The data processing workflow is outlined in the file “Data_low.png”. We processed data from Illumina MiSeq sequencing run to reconstruct full-length sequences of GFP and relate each GFP sequence to the corresponding barcode. We then analyzed Illumina HiSeq sequencing of cell populations sorted by fluorescence-activated cell sorting, for each of the four replicas of the experiment. We counted reads that each barcoded genotype has in each brightness population. We then fitted each barcode distribution with two Gaussian distributions using the values of logarithms of sorting gates medians. When aggregating information from replicas we eliminated barcodes that displayed too broad distribution across the brightness populations or had conflicts between replicas. We saved resulting filtered data into the file “barcodes_to_brightness.tsv”.

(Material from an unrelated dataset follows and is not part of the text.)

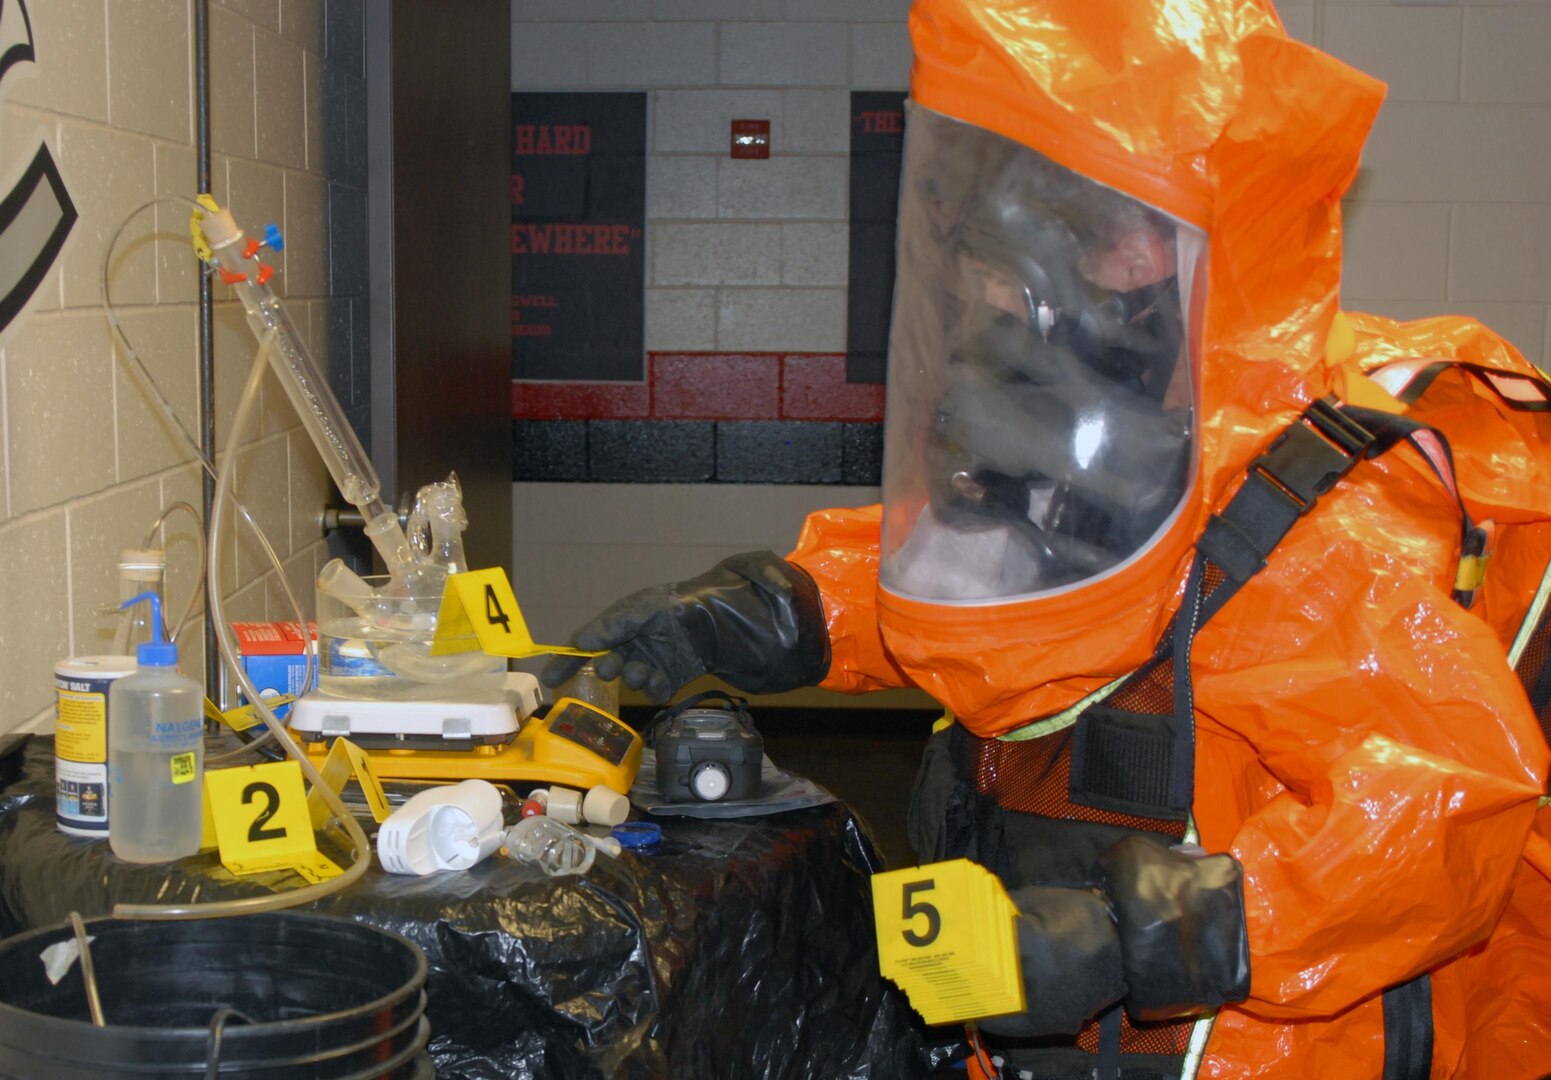 2nd Civil Support Team (CST) member Staff Sgt. Joshua Spagnola uses evidence markers to tag suspected hazardous materials in a mock WMD laboratory during the 2nd CST's training exercise at Joseph L. Bruno Stadium in Troy, N.Y. on April 12, 2017. Team members are trained to identify chemical, biological, and radiological agents and advise first-responders on how to deal with these materials.

A fixed number of cells with known barcodes (AAGTTCTAAATAACAATCCC, AATACCAGTAAGGACTTAA, TATGGTACTTAATTTACAGT, TATTTACGGGTATGACTGGG) was added to every population after sorting, about 1333 cells for each barcode. These cells passed all sample preparation procedures together with the library being a control for each sample in each replica. When analysing the sequencing data, we used these controls to translate the number of reads per barcode to the number of sorted cells. Barcodes with less than three cells across the population samples were later removed at the data filtering stage.

For some of the barcodes a bimodal distribution of cells across the fluorescence gate populations was observed. These distributions were not reproduced across experimental replicas, indicating that they represent an artifact of the experimental procedure rather than inherent genotype properties. We fitted each barcode distribution within each replica with two Gaussian distributions using actual values of logarithms of sorting gates boundaries. Thus, the resulting distributions parameters were expressed in actual brightness logarithm values. We filtered out the cases where the log-value of fluorescence of the major Gaussian component was below 0.65, or its sigma exceeded 0.4. When aggregating information from replicas we eliminated barcodes for which less than three replicas belonged to the ±0.45-neighbourhood of the median value calculated across all replicas.

The following median values of brightness within sorting gates were used to estimate the brightness of the genotypes:

Replica 0 (from L1 to L8): 10751, 5970, 3190, 1372, 418, 179, 81, 20,

Replica 1 (from L1 to L8): 16278, 9189, 4942, 1817, 433, 179, 72, 20,

Replica 2 (from L1 to L8): 7984, 5914, 3207, 1337, 428, 160, 69, 20,

Replica 3 (from L1 to L8): 12989, 6864, 3522, 1377, 414, 147, 58, 20.

Please see the original paper for the description of level and structure of the noise in the final estimations of log-brightness.